▶ _PROBLEM DETAILS_
In the listing below, find the line containing "Happy Birthday Saikat" and the line containing "Testes de rodagem: Audi", then copy exactly everything from the first through the second, except the pictures.
(DATA RECORDS Opens)
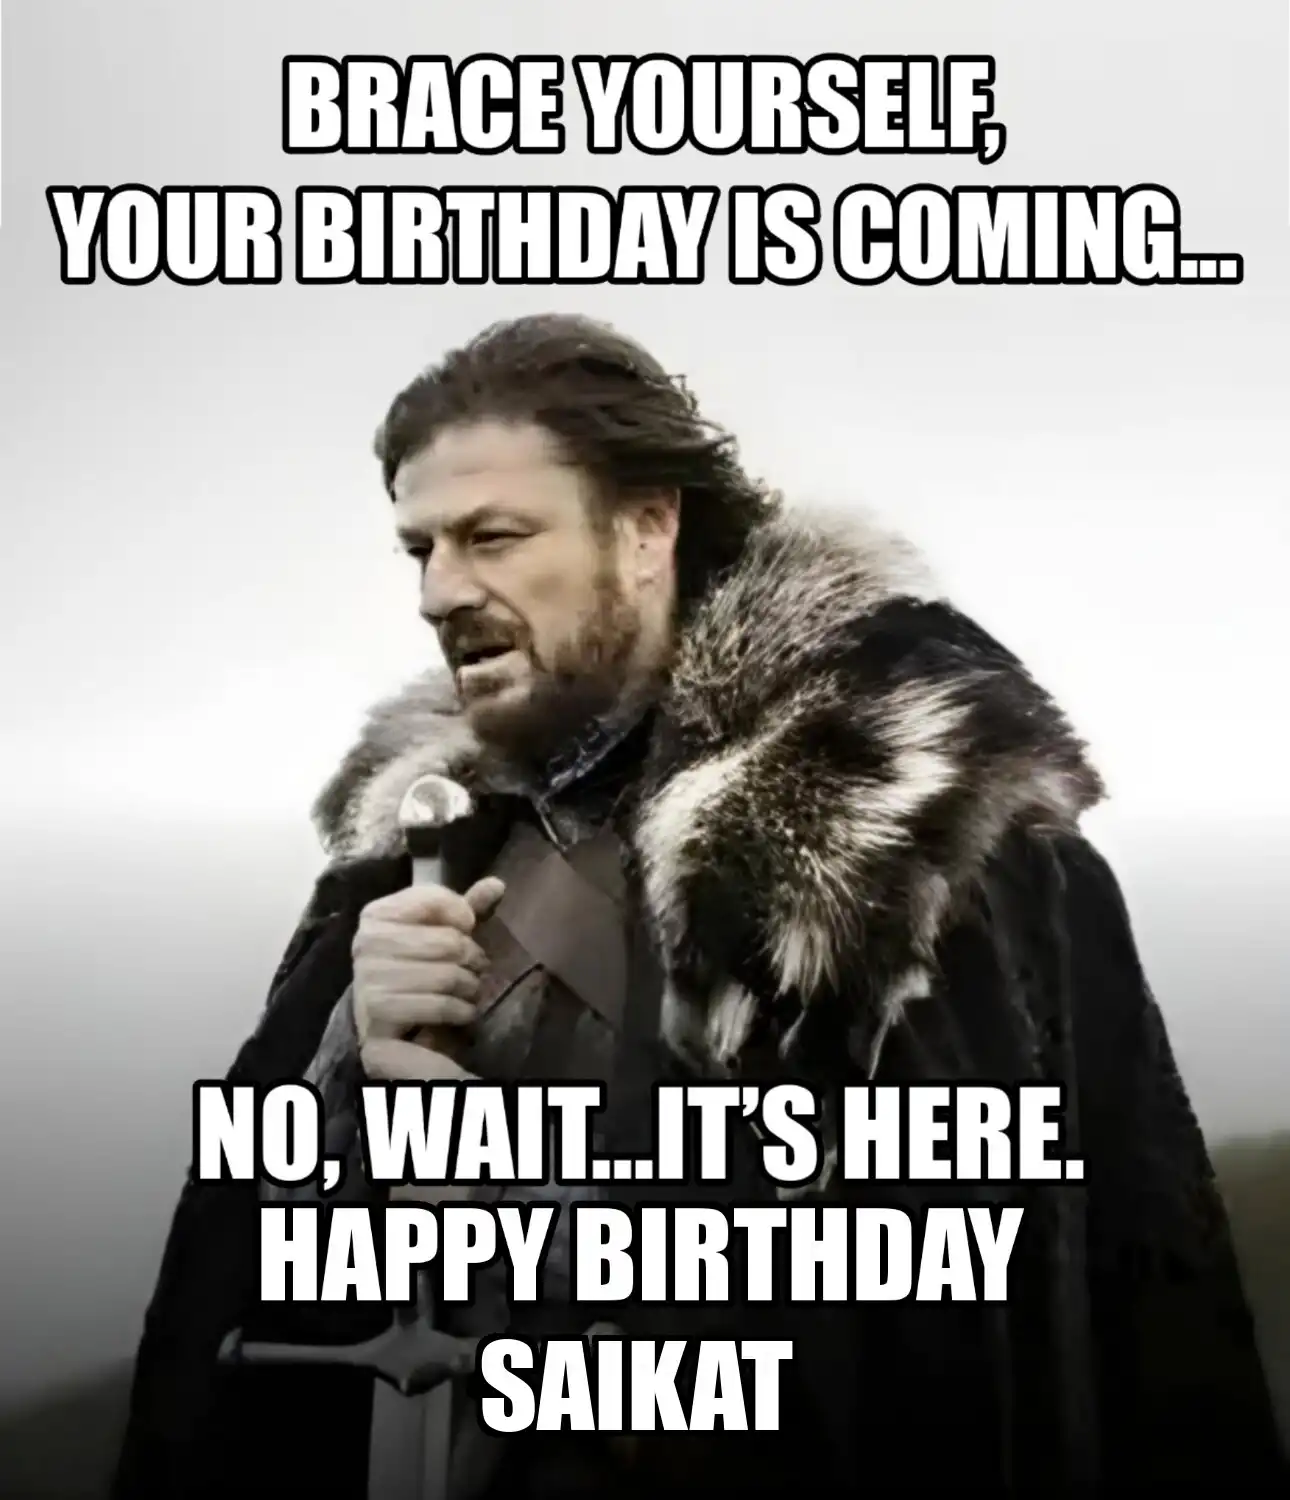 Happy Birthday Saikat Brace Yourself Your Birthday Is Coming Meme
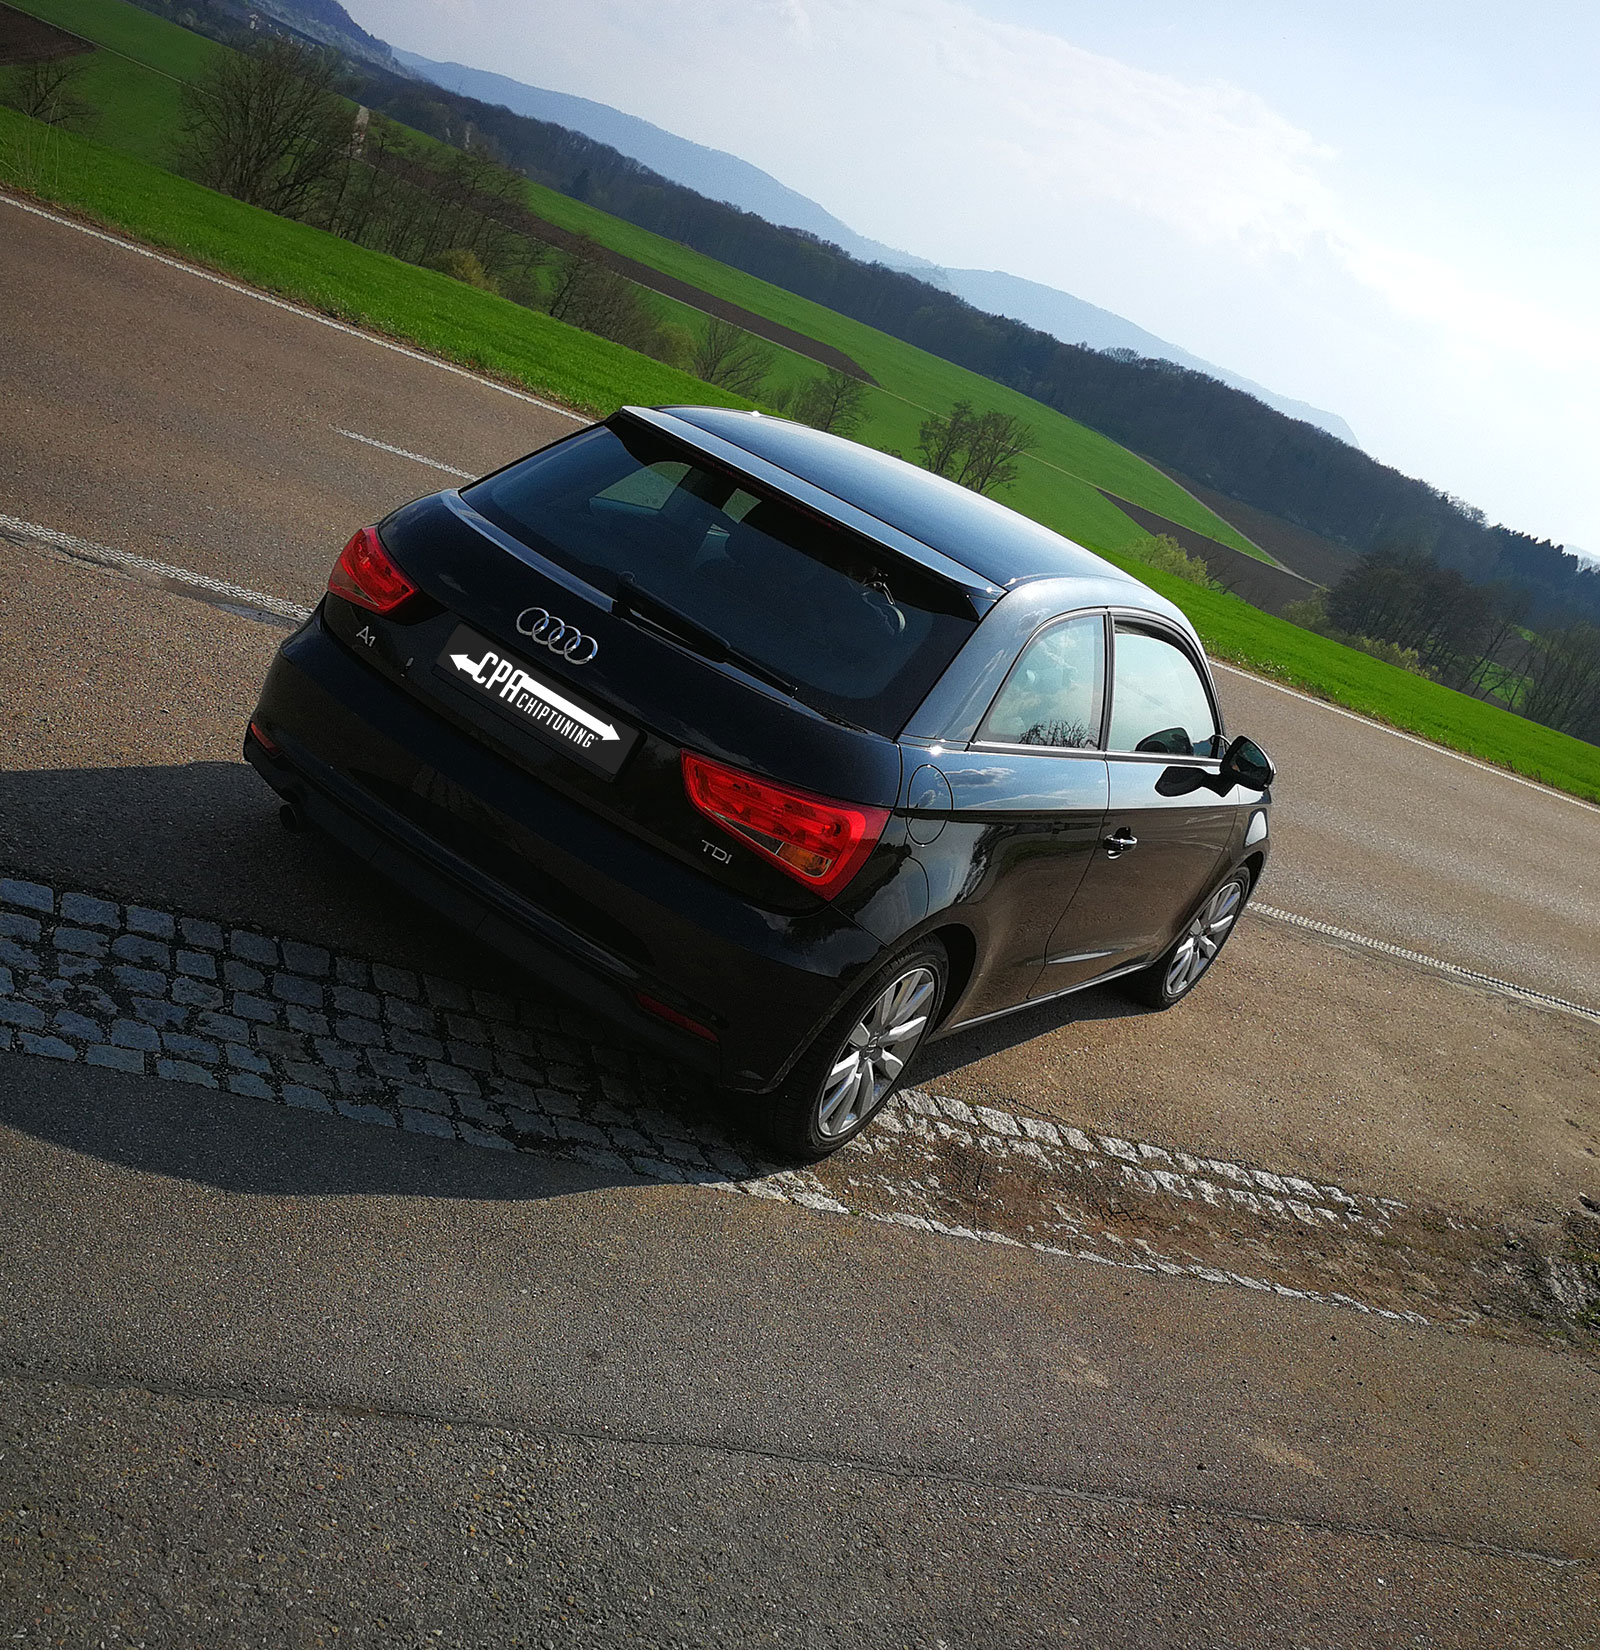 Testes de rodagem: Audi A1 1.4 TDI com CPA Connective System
(DATA RECORDS Closes)
(DATA RECORDS Opens)
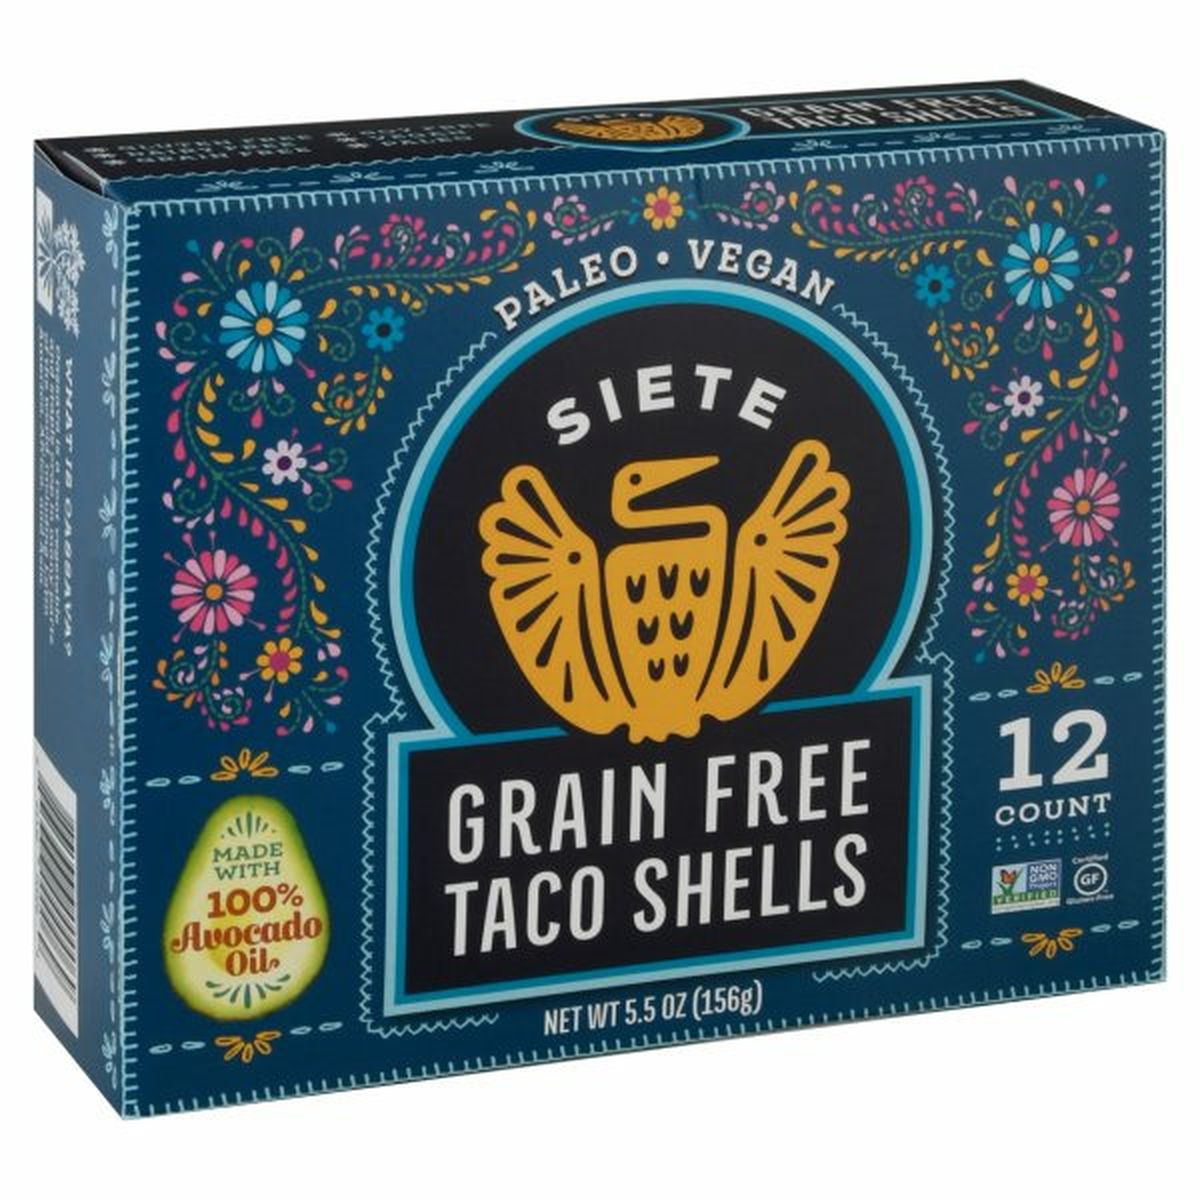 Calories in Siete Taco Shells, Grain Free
(DATA RECORDS Closes)
(DATA RECORDS Opens)
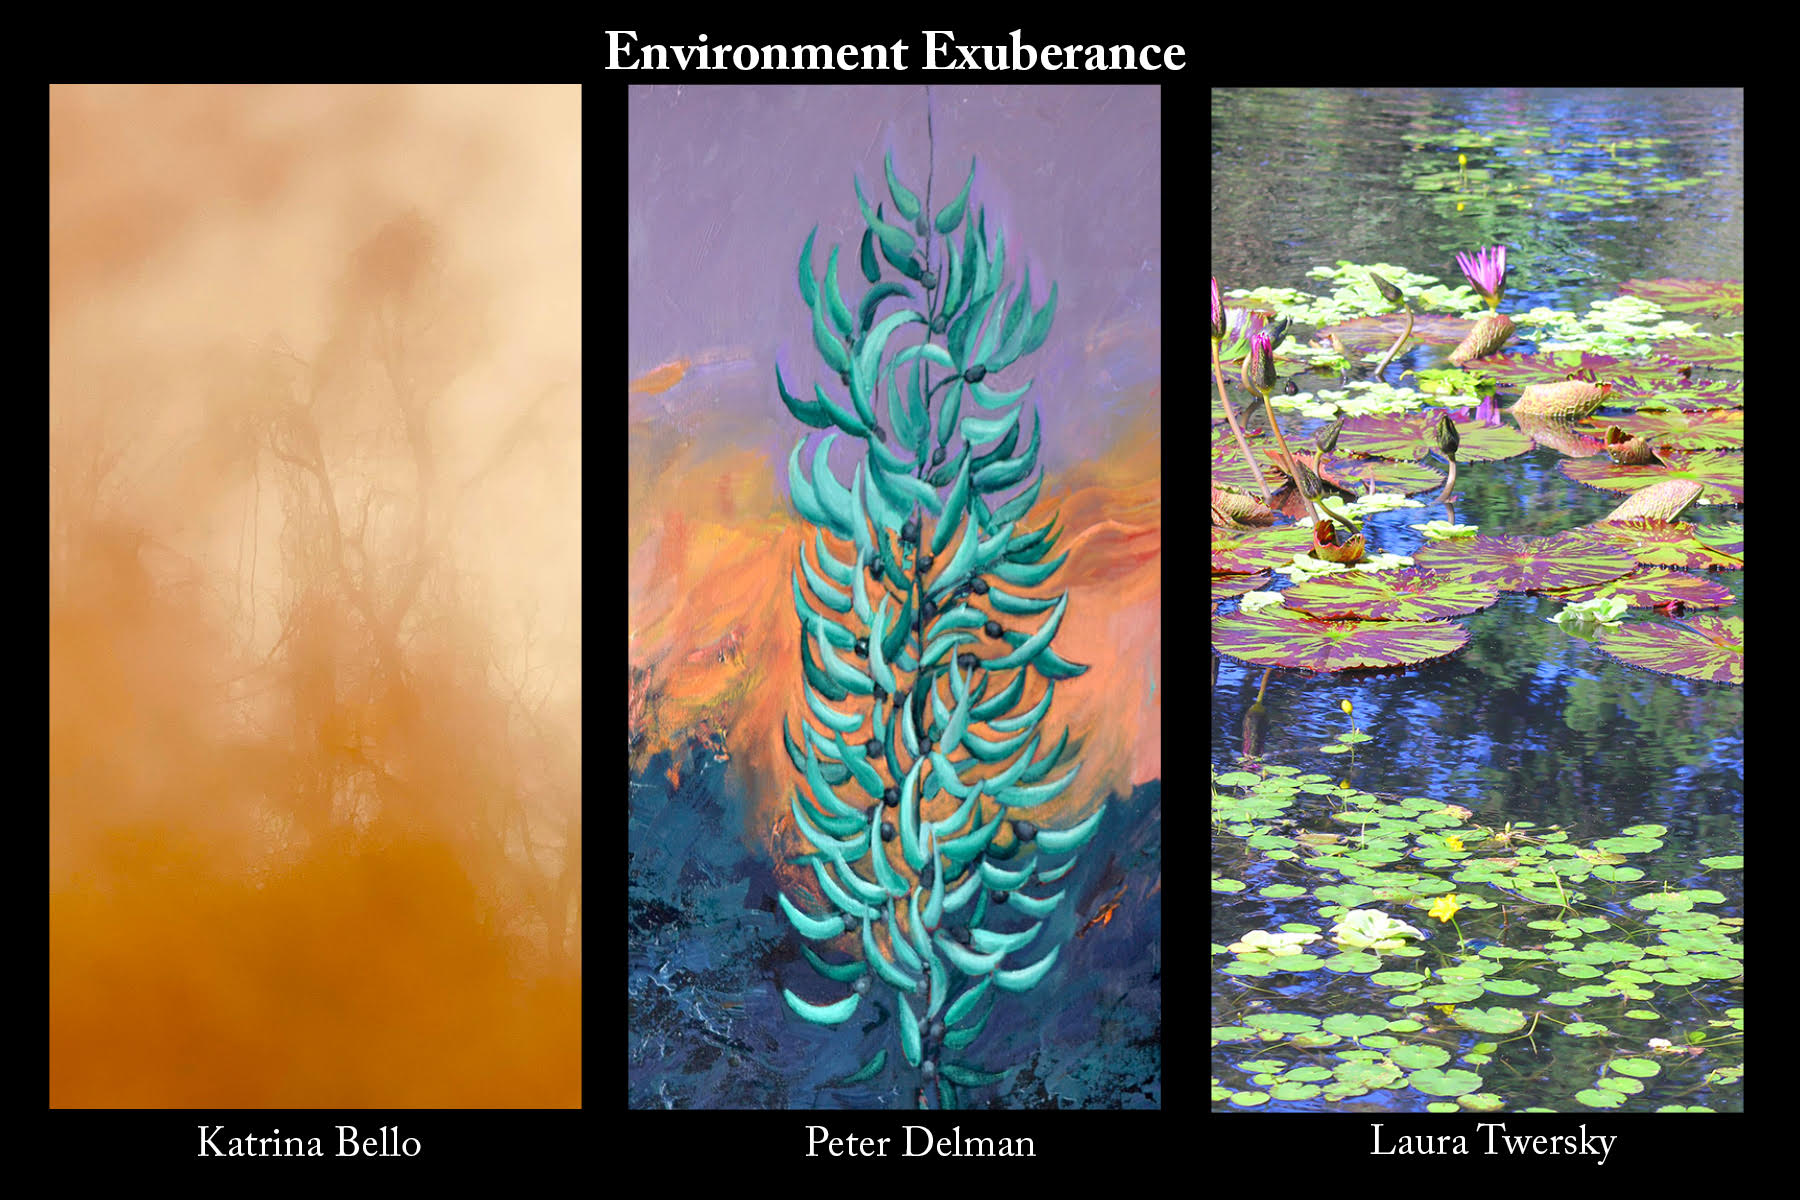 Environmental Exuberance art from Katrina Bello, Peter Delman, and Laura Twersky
(DATA RECORDS Closes)
▶ _EXERCISE RESPONSE_
 Happy Birthday Saikat Brace Yourself Your Birthday Is Coming Meme
 Testes de rodagem: Audi A1 1.4 TDI com CPA Connective System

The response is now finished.